- _WORK TO BE COMPLETED_:
Leave the pictures out. Return all other data exactly.

- _GIVEN MATERIAL_:
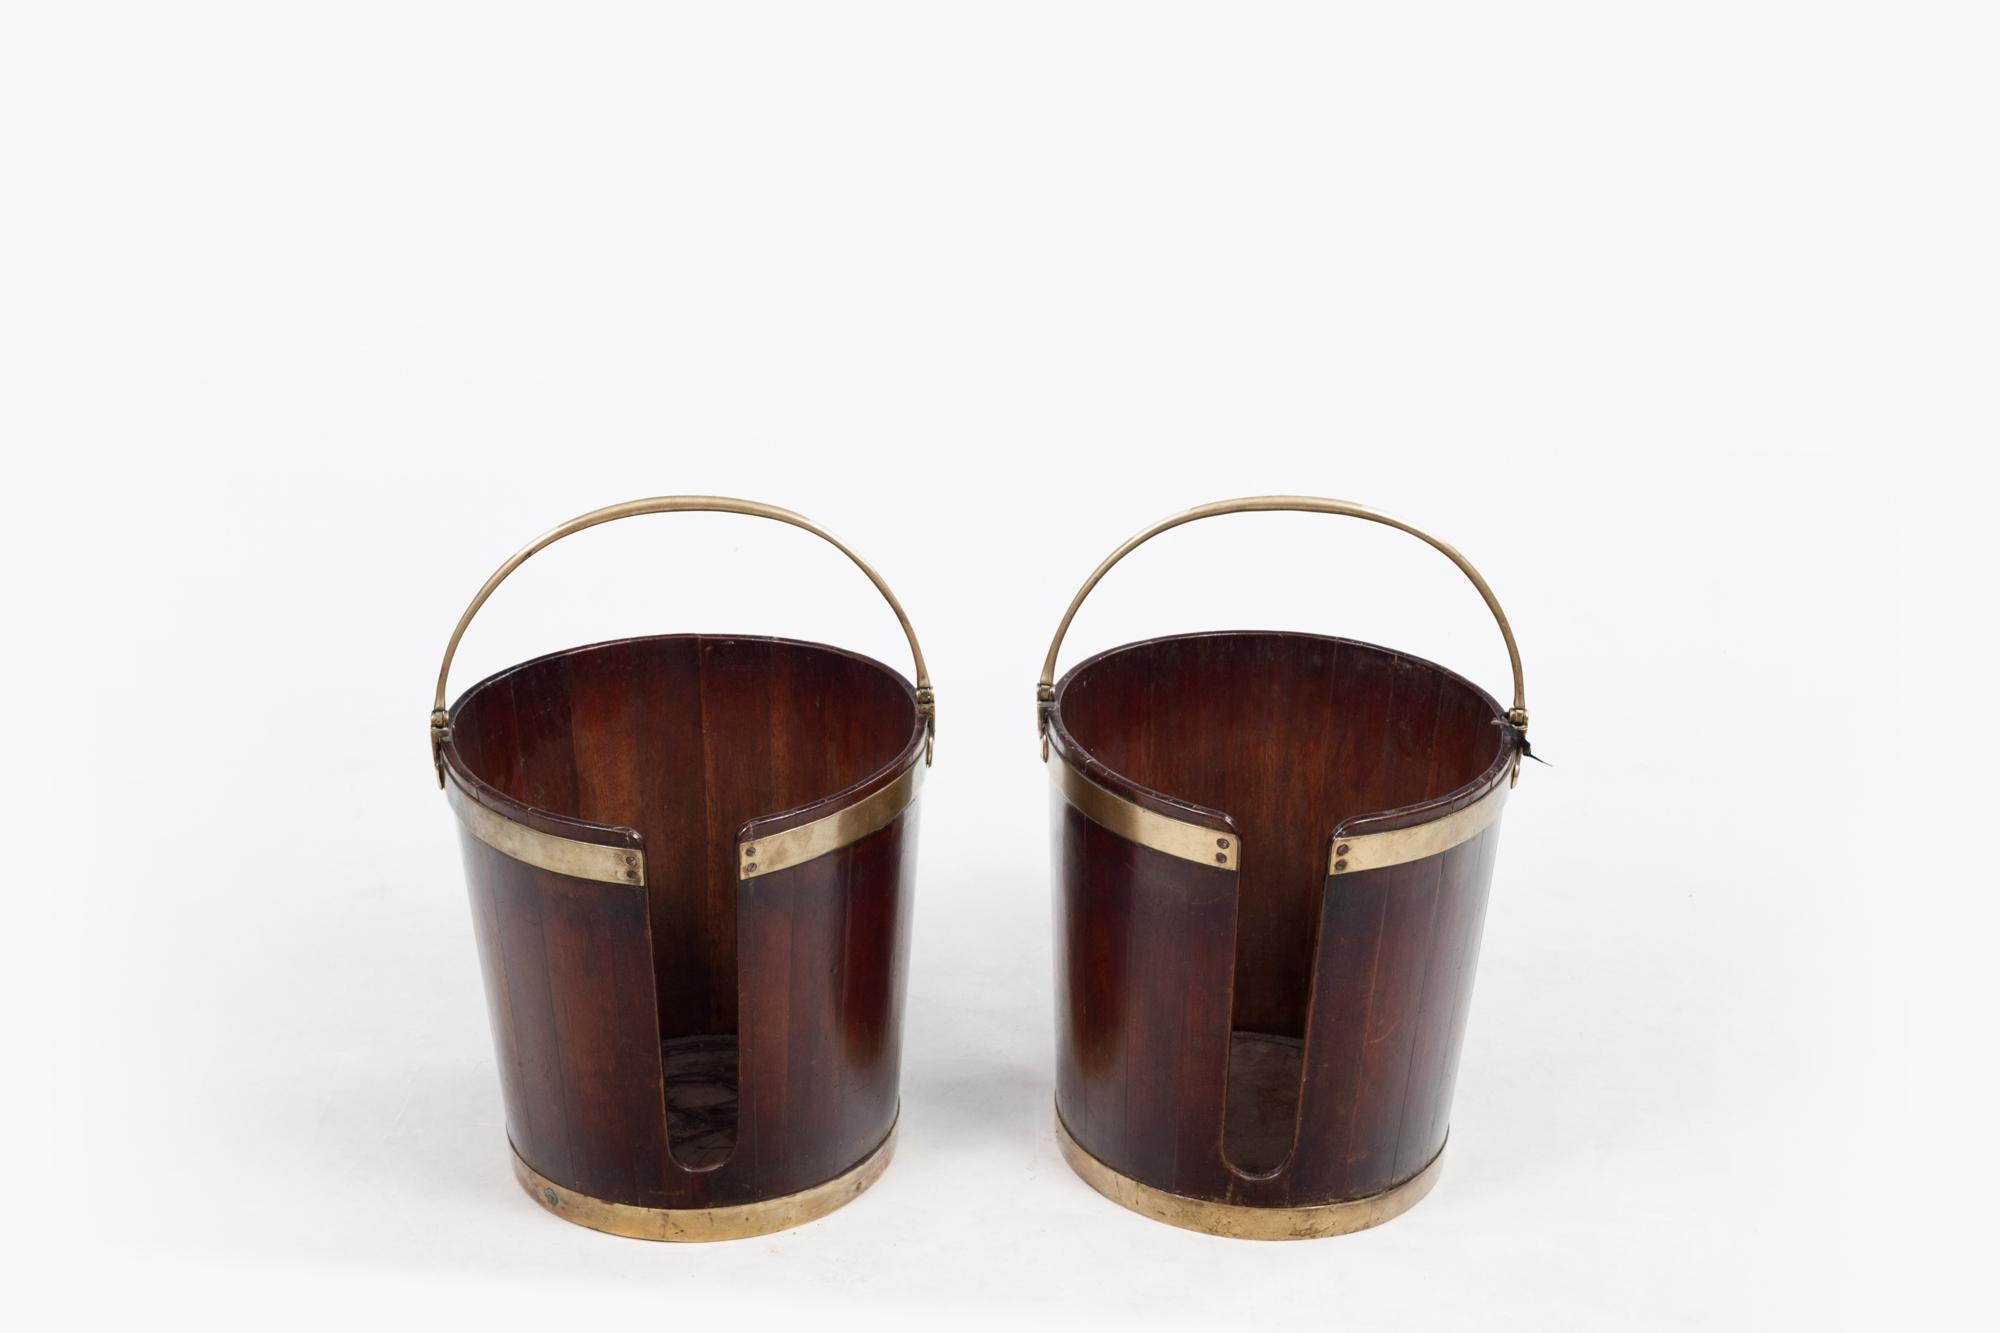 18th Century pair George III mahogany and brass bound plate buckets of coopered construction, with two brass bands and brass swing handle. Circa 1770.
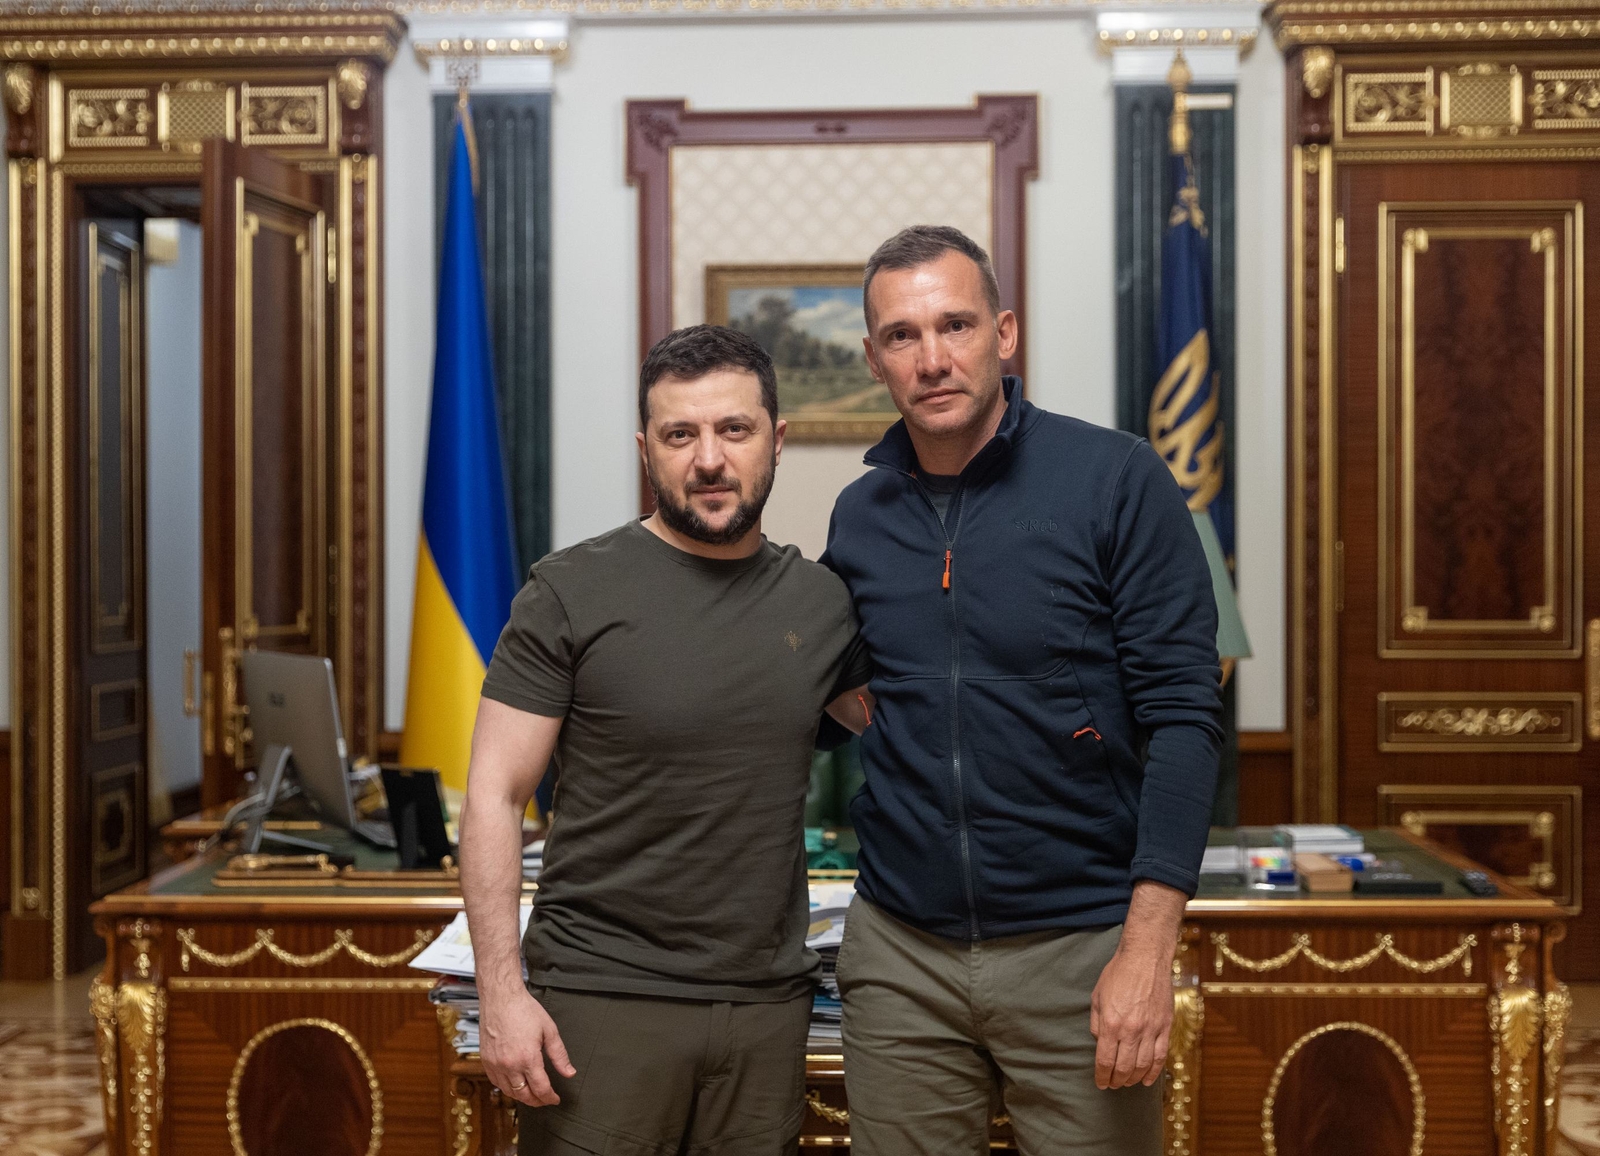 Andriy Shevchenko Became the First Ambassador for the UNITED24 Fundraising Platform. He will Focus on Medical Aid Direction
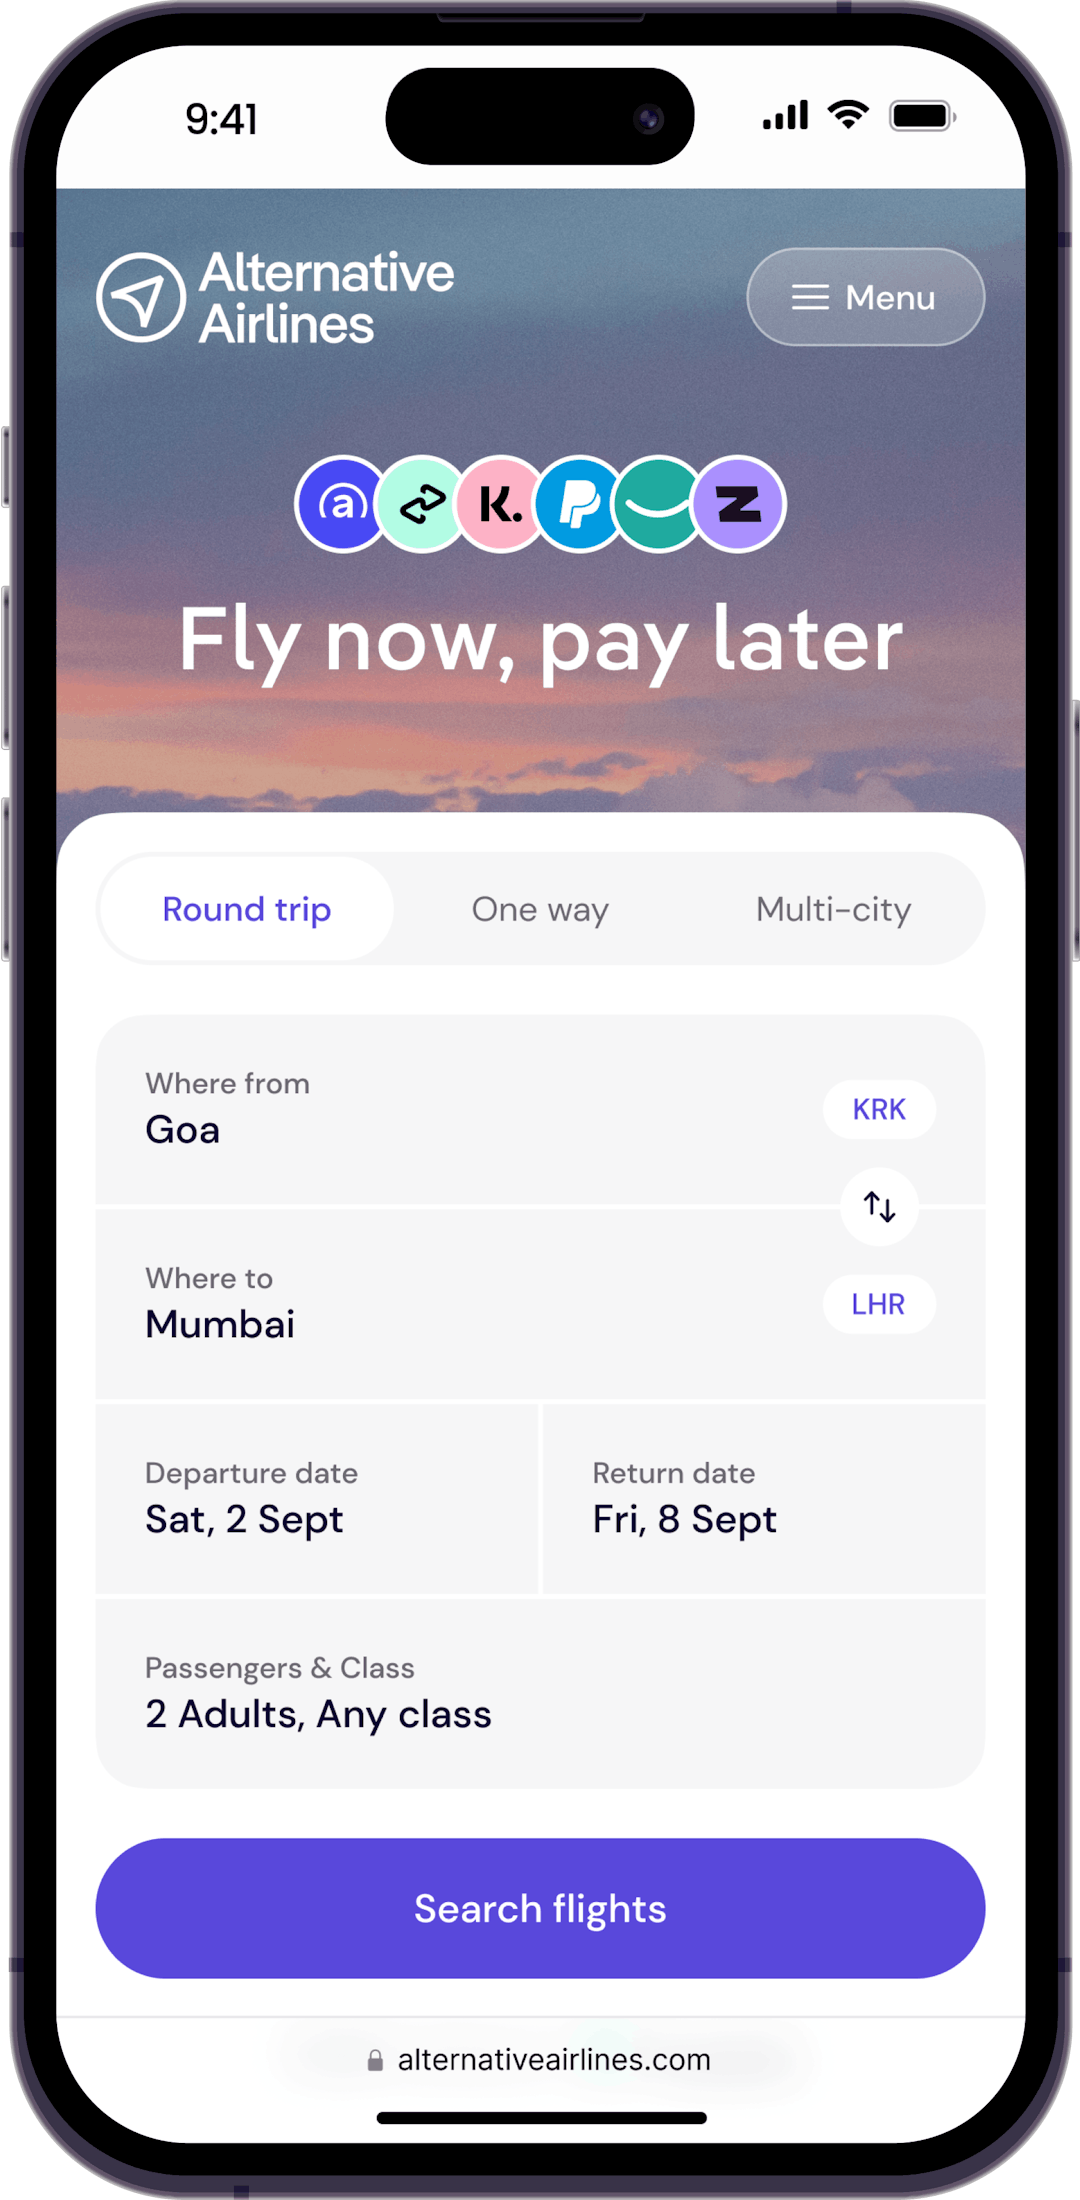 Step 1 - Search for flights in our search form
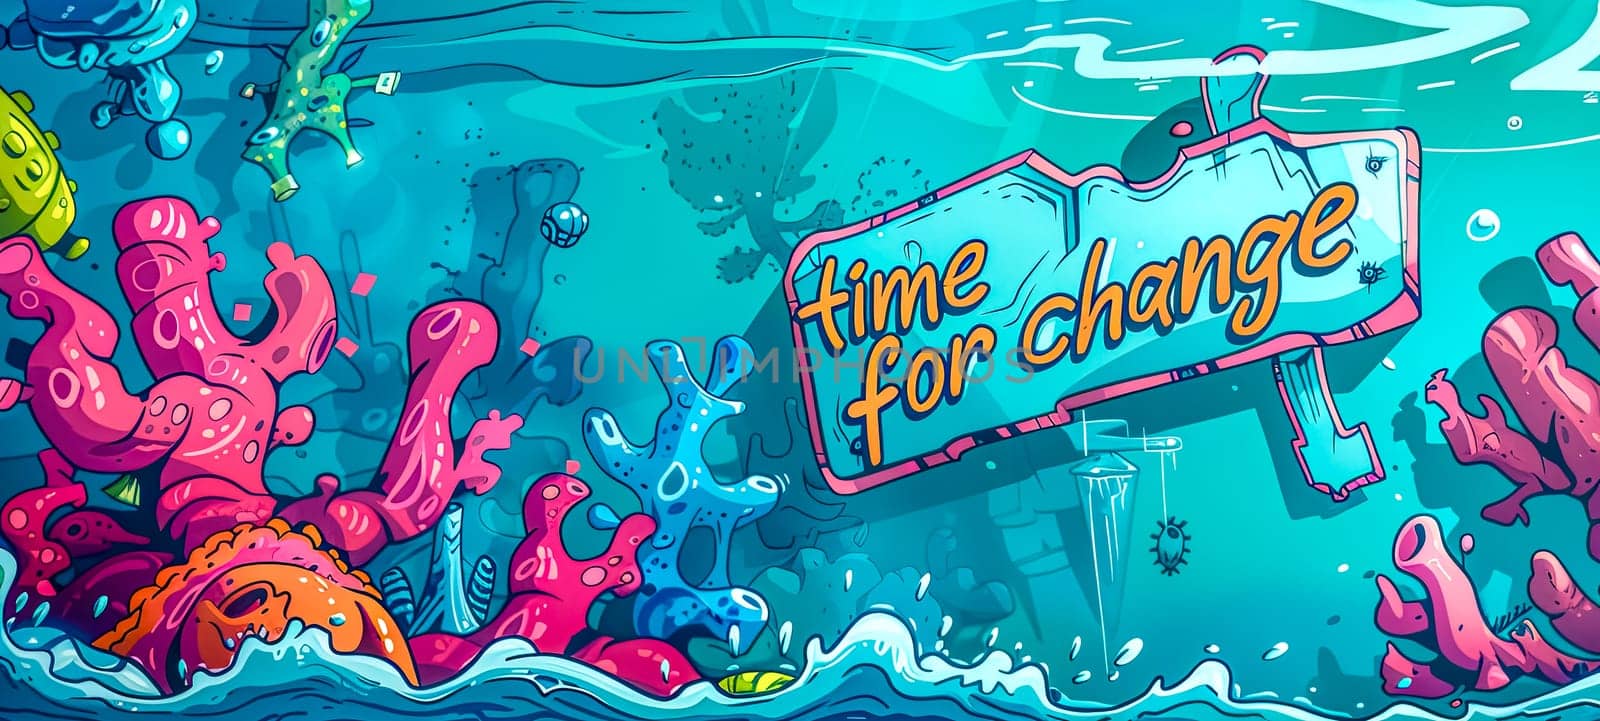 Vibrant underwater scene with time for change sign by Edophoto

- _SOLUTION TO THIS EXERCISE_:
 18th Century pair George III mahogany and brass bound plate buckets of coopered construction, with two brass bands and brass swing handle. Circa 1770.
 Andriy Shevchenko Became the First Ambassador for the UNITED24 Fundraising Platform. He will Focus on Medical Aid Direction
 Step 1 - Search for flights in our search form
 Vibrant underwater scene with time for change sign by Edophoto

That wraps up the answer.